### Exercise prompt
When you copy the listing, skip the images and return each line verbatim.

### Given material
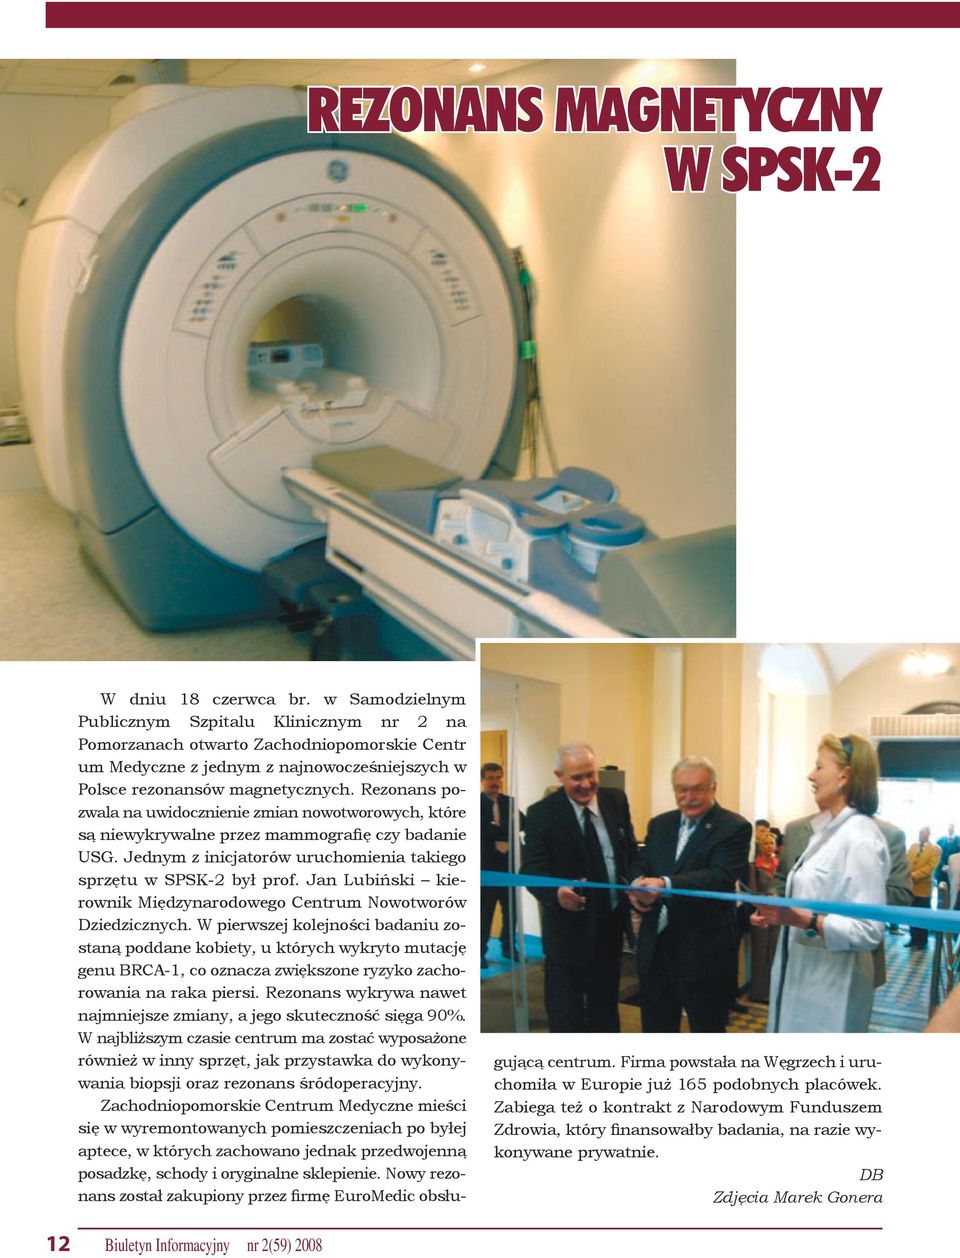 Rezonans pozwala na uwidocznienie zmian nowotworowych, które są niewykrywalne przez mammografię czy badanie USG. Jednym z inicjatorów uruchomienia takiego sprzętu w SPSK-2 był prof.
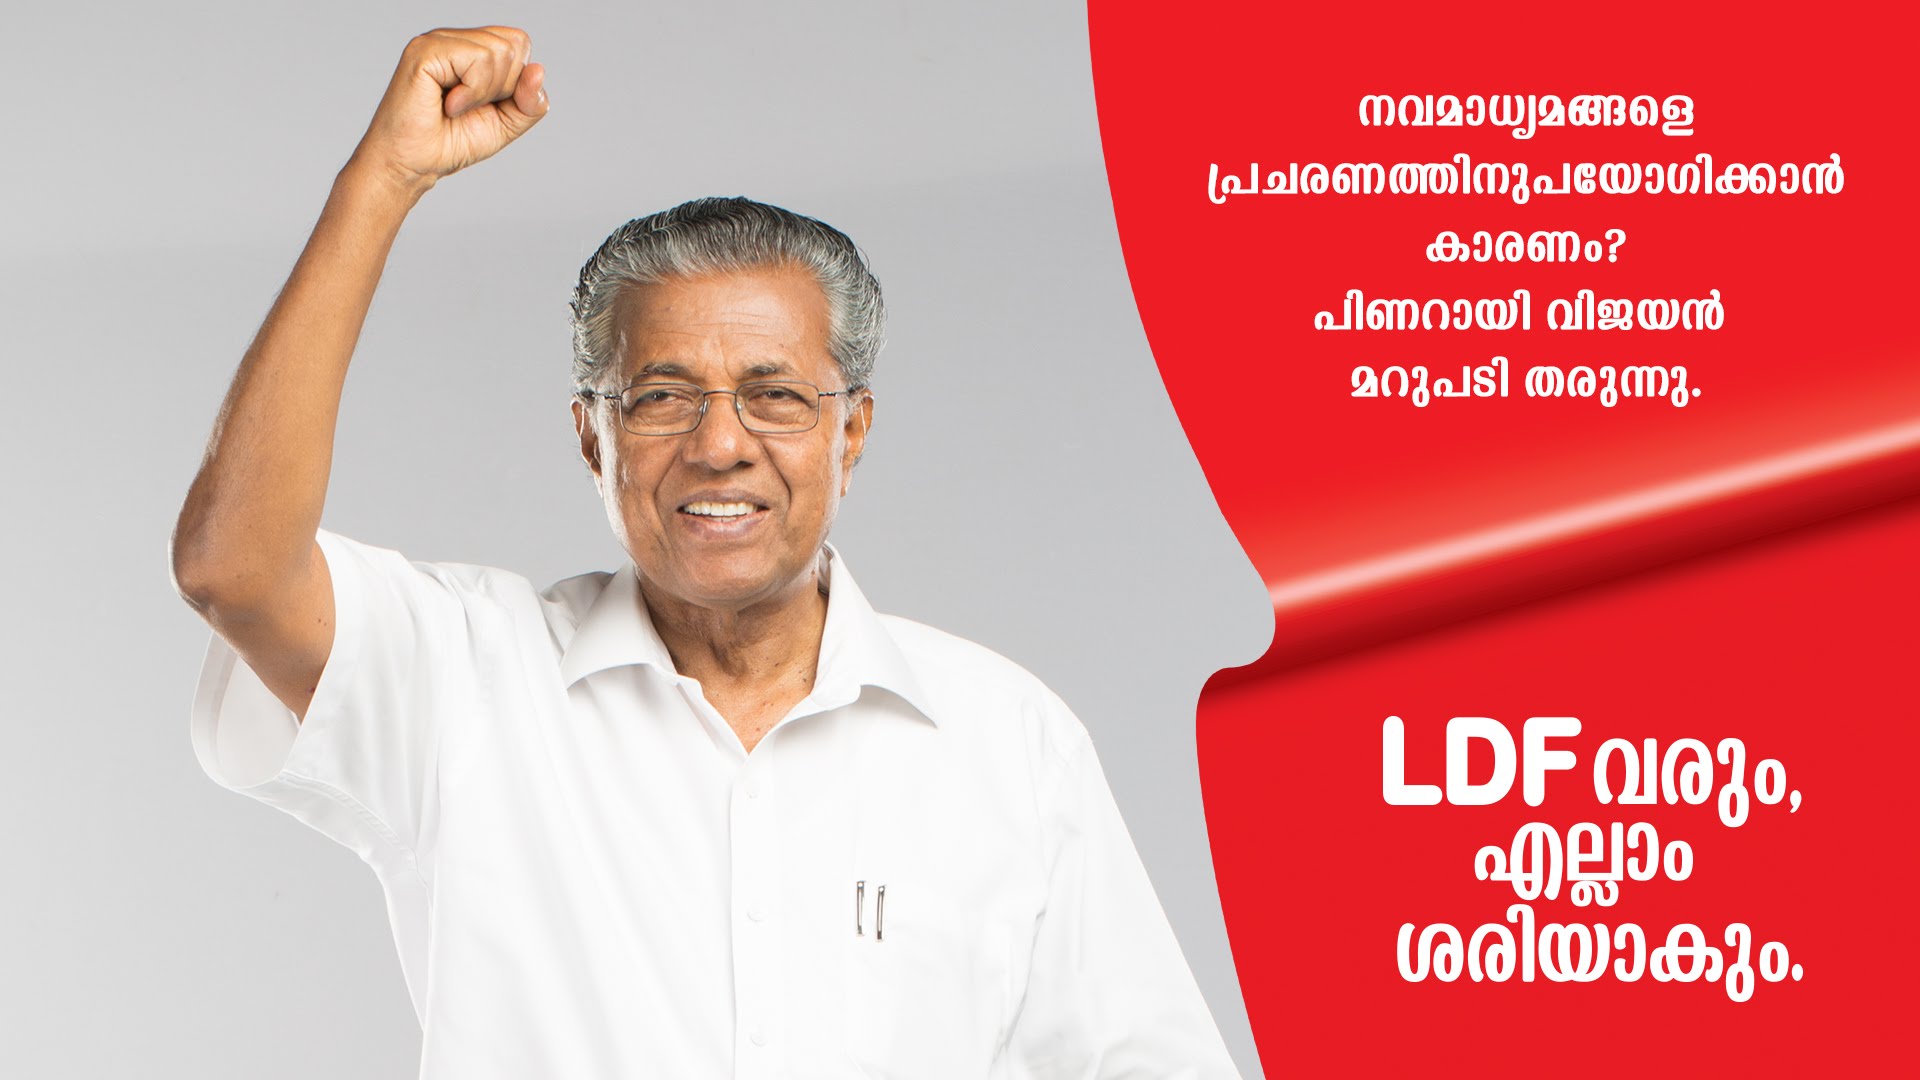 En seulement deux années, les communistes ont redressé la situation économique et sociale au Kerala
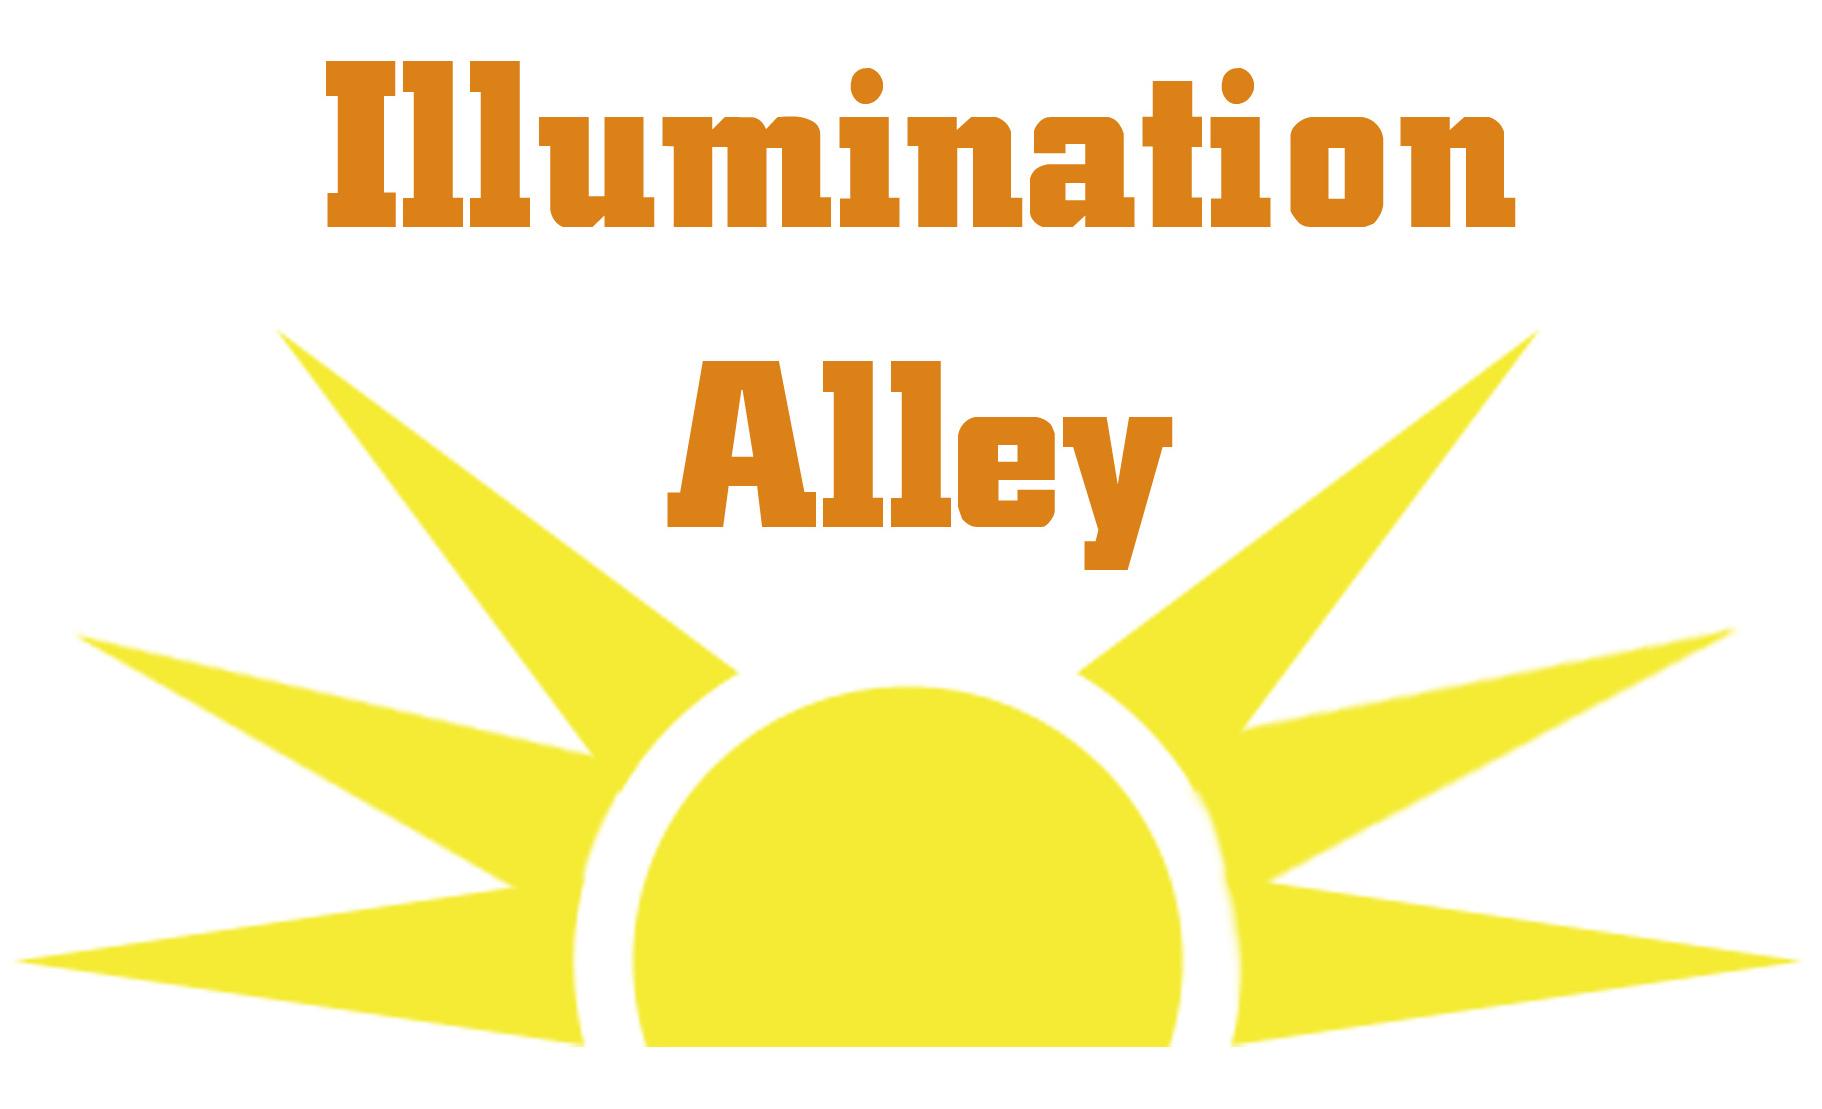 Illimuniation-alley-logo-300dpi-cropped.jpg

### Answer section
 Rezonans pozwala na uwidocznienie zmian nowotworowych, które są niewykrywalne przez mammografię czy badanie USG. Jednym z inicjatorów uruchomienia takiego sprzętu w SPSK-2 był prof.
 En seulement deux années, les communistes ont redressé la situation économique et sociale au Kerala
 Illimuniation-alley-logo-300dpi-cropped.jpg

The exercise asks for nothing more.